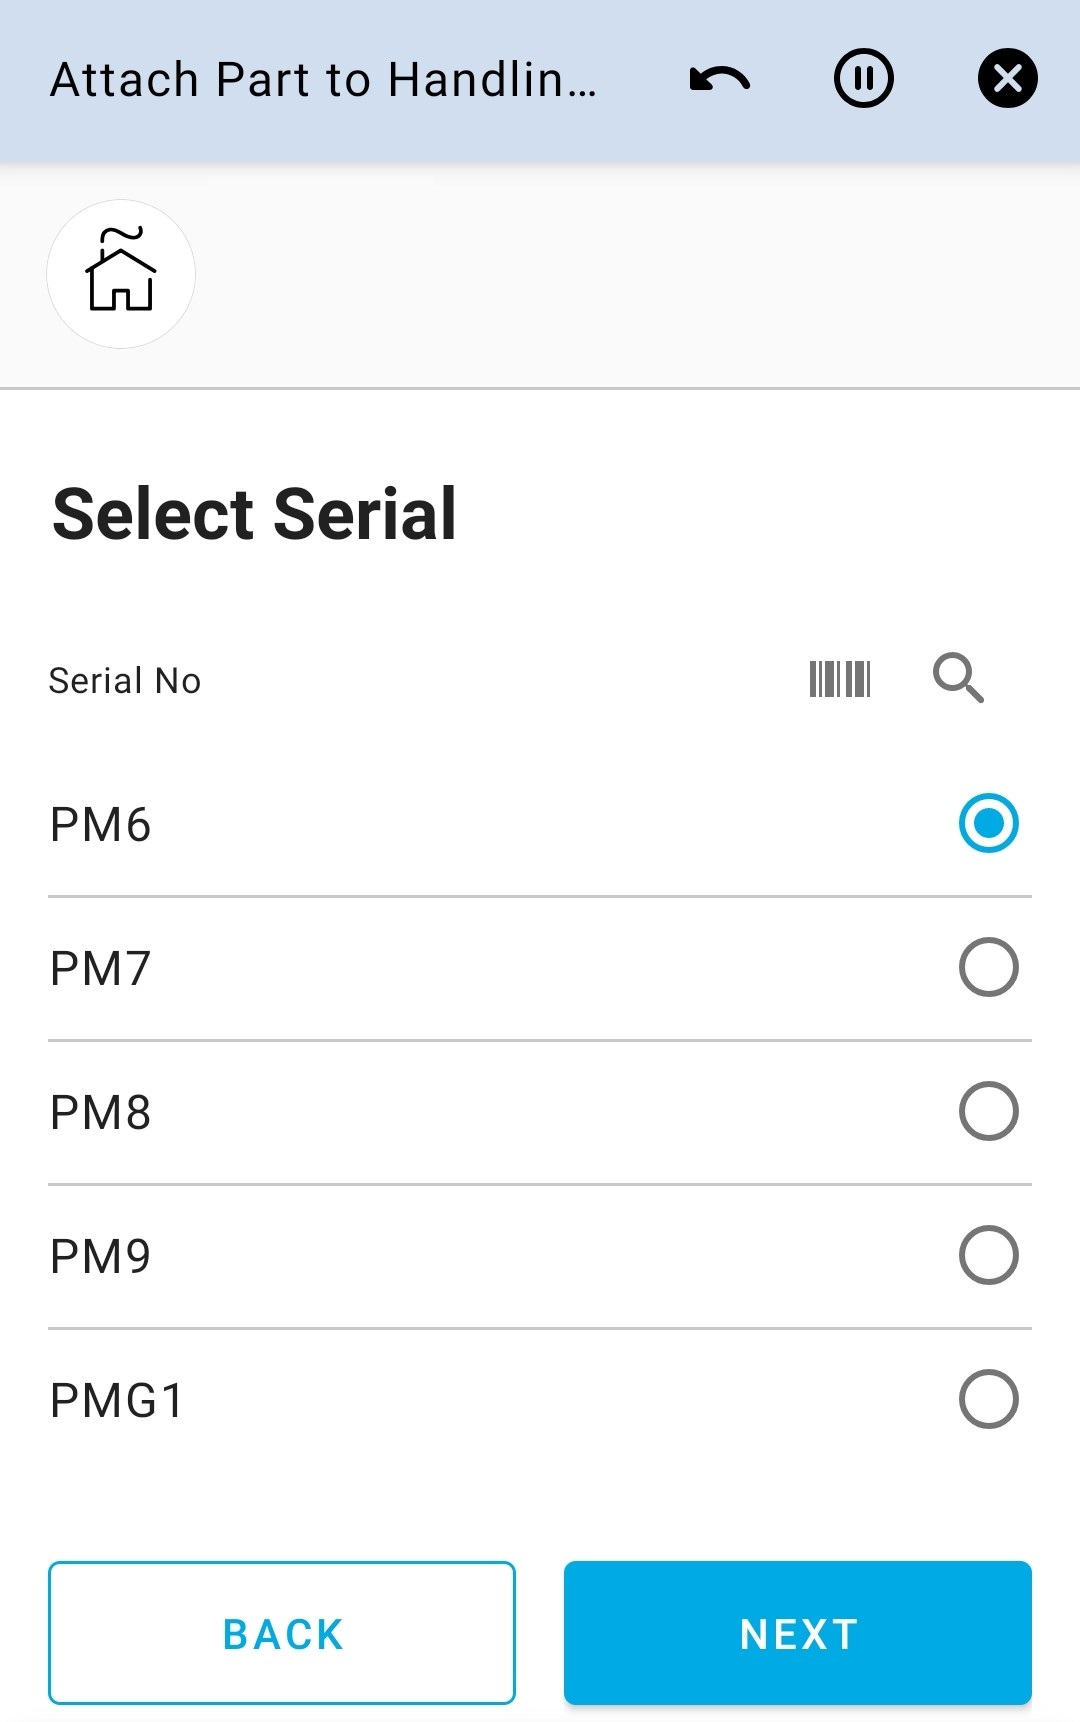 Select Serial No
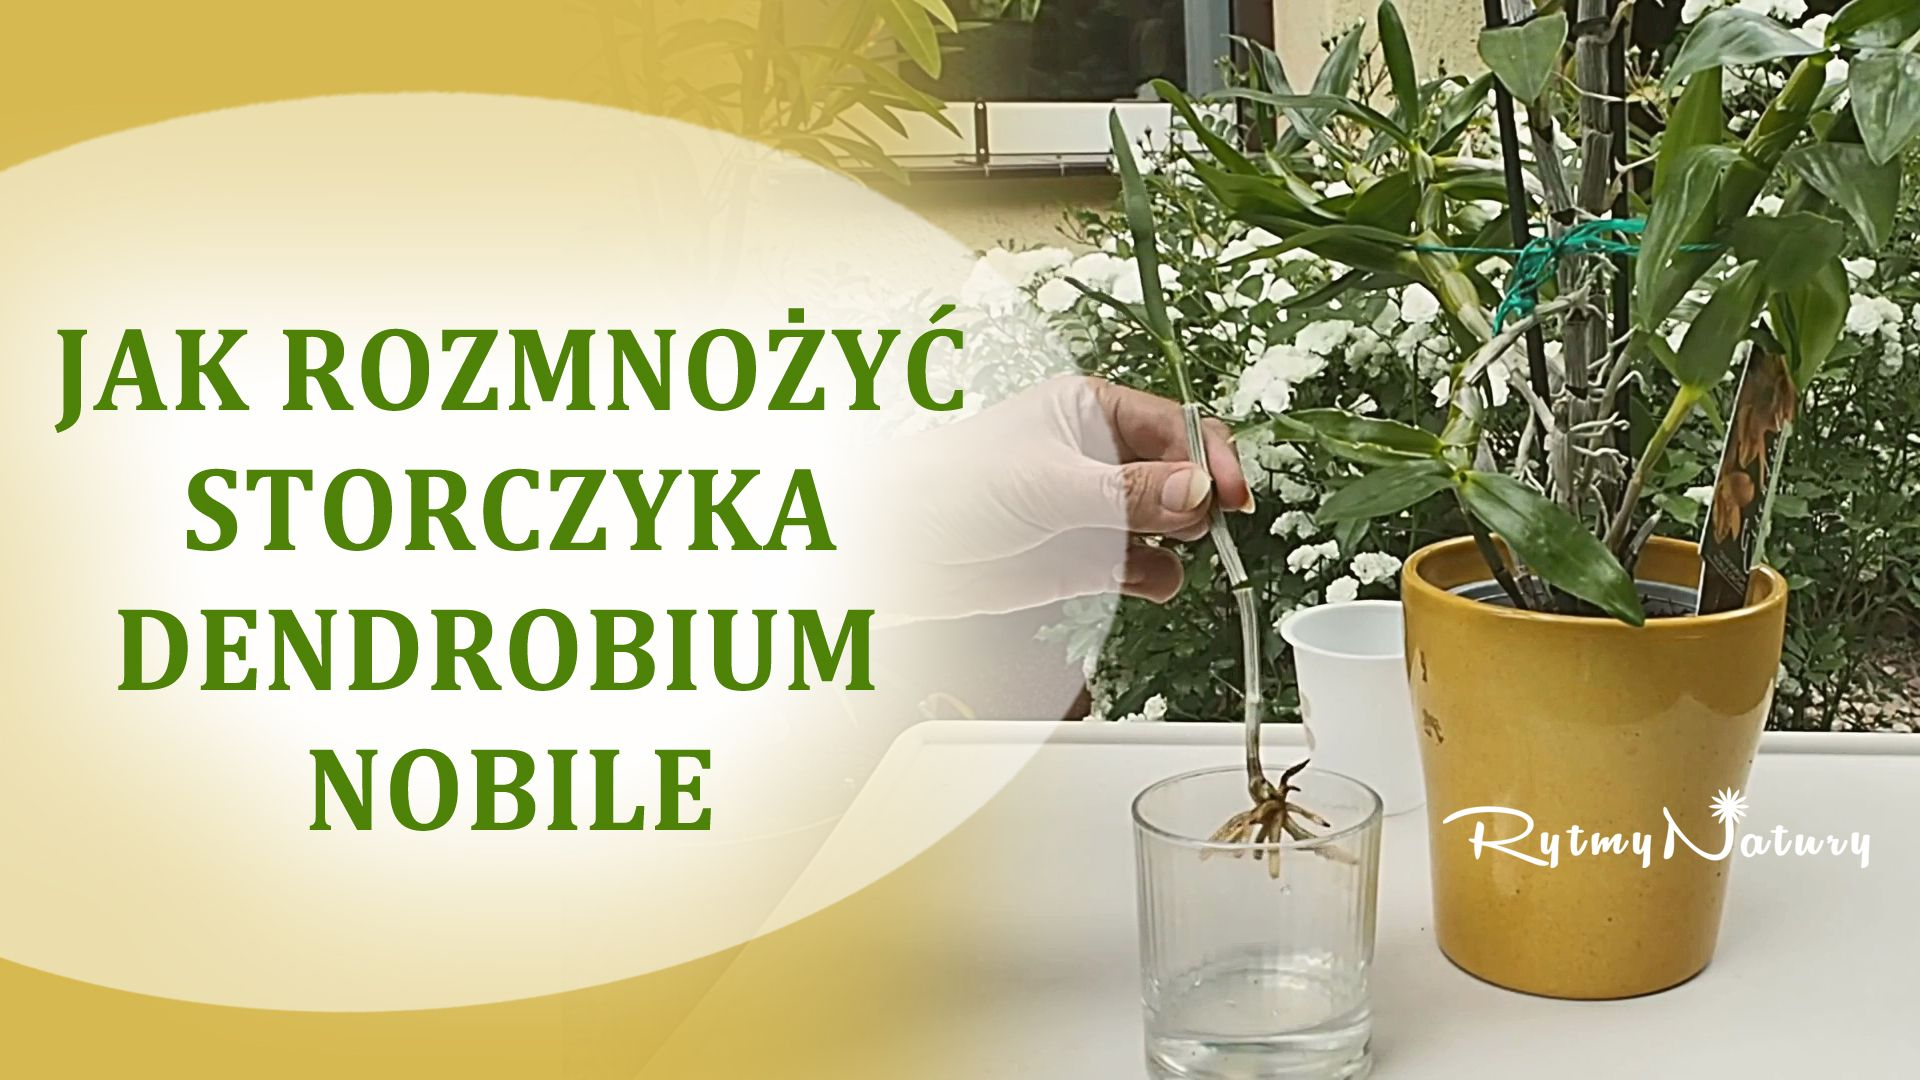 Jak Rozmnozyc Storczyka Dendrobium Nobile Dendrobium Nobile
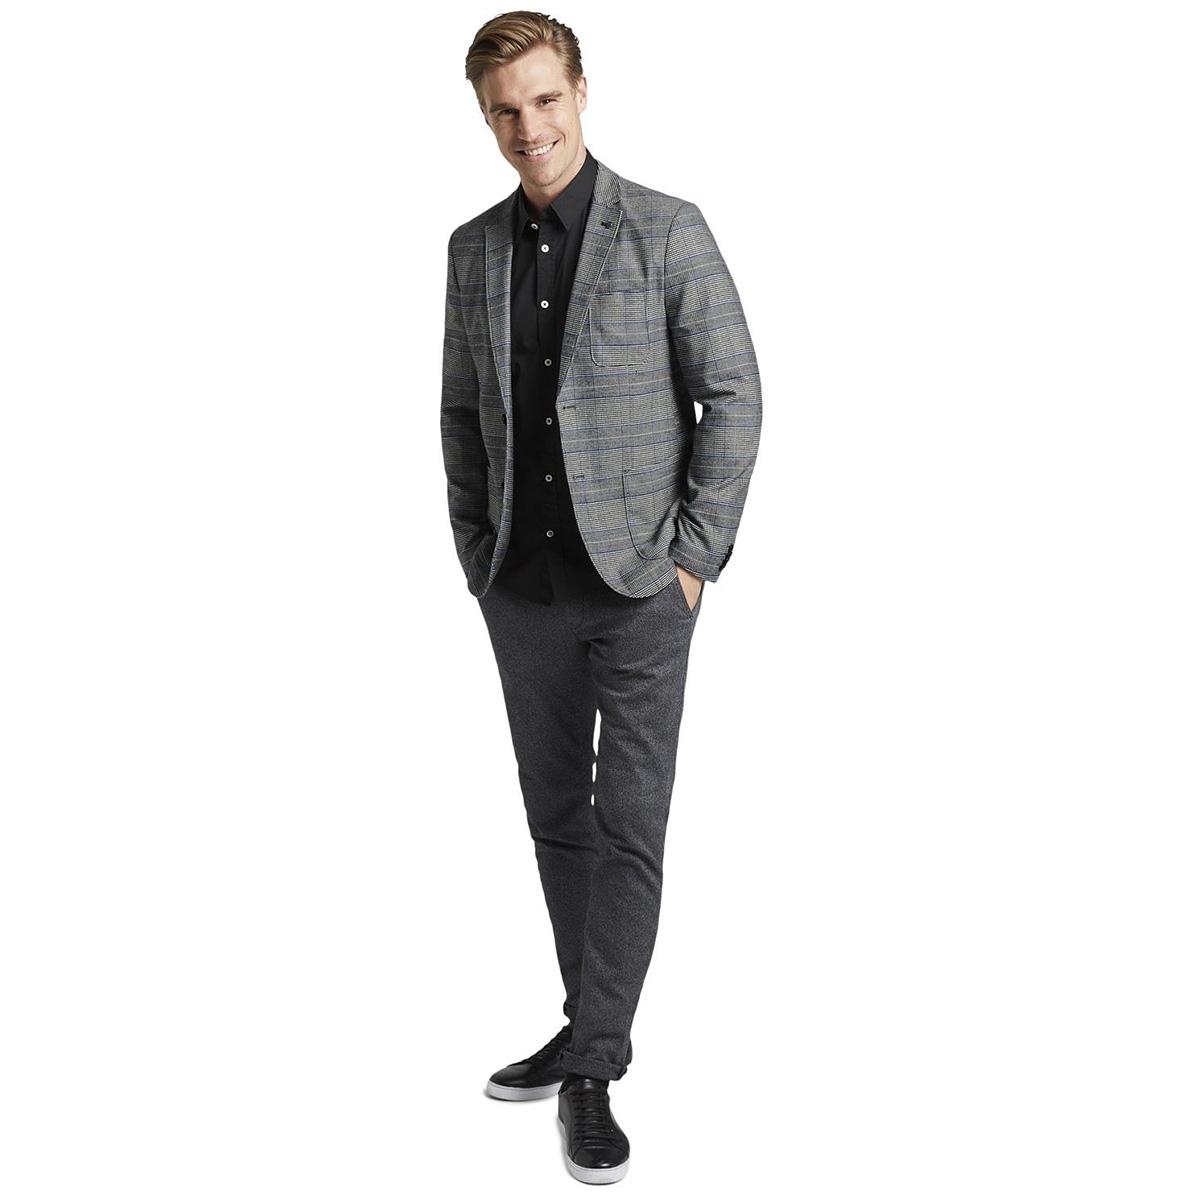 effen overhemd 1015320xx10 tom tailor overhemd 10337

# Problem to solve
Could you reproduce all of the material exactly? Keep the pictures out of it.

# Output of the exercise
 Select Serial No
 Jak Rozmnozyc Storczyka Dendrobium Nobile Dendrobium Nobile
 effen overhemd 1015320xx10 tom tailor overhemd 10337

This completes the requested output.